Most of the cosmological data analysis pipeline can be seen as an enormous exercise of lossless compression.
An example: the measurement of the CMB (cosmic microwave background); the Planck satellite will produce 50 terabytes of data, through data analysis, this wealth of information is compressed into about 12 numbers (eg, age, energy budget of the universe, curvature, amount  of dark matter and dark energy). Those few numbers describe parametrically the universe and through them it becomes possible to confirm or reject  the current cosmological theories.

Clearly, in this process it is fundamental the use of parallel computing facilities.
Our institute accesses directly the Italian Inter-university Consortium CINECA as well as the NERSC supercomputing facilities based in California.

Radio-mm-IR astrophysics

Galactic radio emission (dominated by synchrotron) at 1.4 GHz in total intensity and polarization. Note the strong depolarization of the signal in the inner regions. (Credits: C. Burigana et al., 2006, AN, 327 491).

Different astrophysical processes, dominating at specific wavelengths, operate in our Universe.
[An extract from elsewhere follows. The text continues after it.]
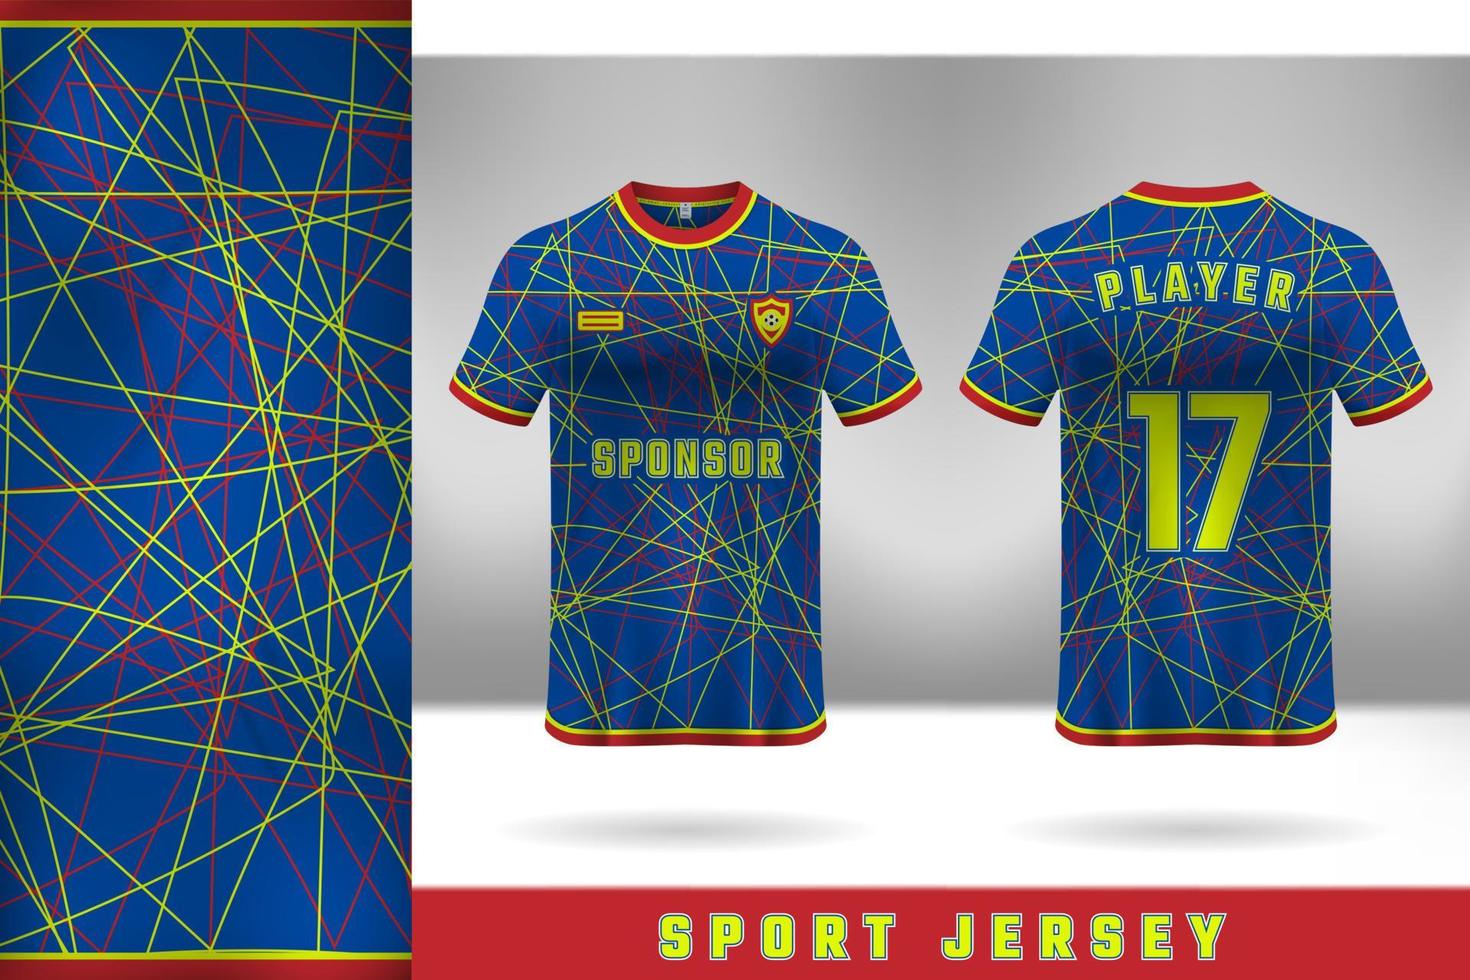 Red, yellow and blue jersey template designs for sports uniforms vector

The analysis of radiation from radio to infrared allows us to understand many astrophysical phenomena occurring in galaxies.

Electrons, spiralling in galactic magnetic fields, emit synchrotron radiation, relevant from radio to millimetre, where also free-free emission, associated to the presence of electrons and ionized atoms, diffuse or in localized regions (HII), is also important.

From millimetre to infrared, the thermal emission from interstellar medium dust grains emerges, while rotating dust grains contribute to the millimetre signal, as clearly probed by the Planck satellite, that also discovered thousands of very cold dust cores, at about 10 Kelvin degrees, in our galaxy.

Stars at early and late evolutionary phases, with their envelopes of gas and dust grains, significantly emit in these wavelengths. Furthermore, it is possible that a radiation, produced by the mysterious dark matter, emerges from the inner regions of galaxies. Galaxies aggregate in clusters of galaxies.

The intergalactic space among them if filled by hot gas, achieving temperatures of millions of degrees, that significantly emits in the X-rays but that leaves also well defined signatures in the cosmic microwave background.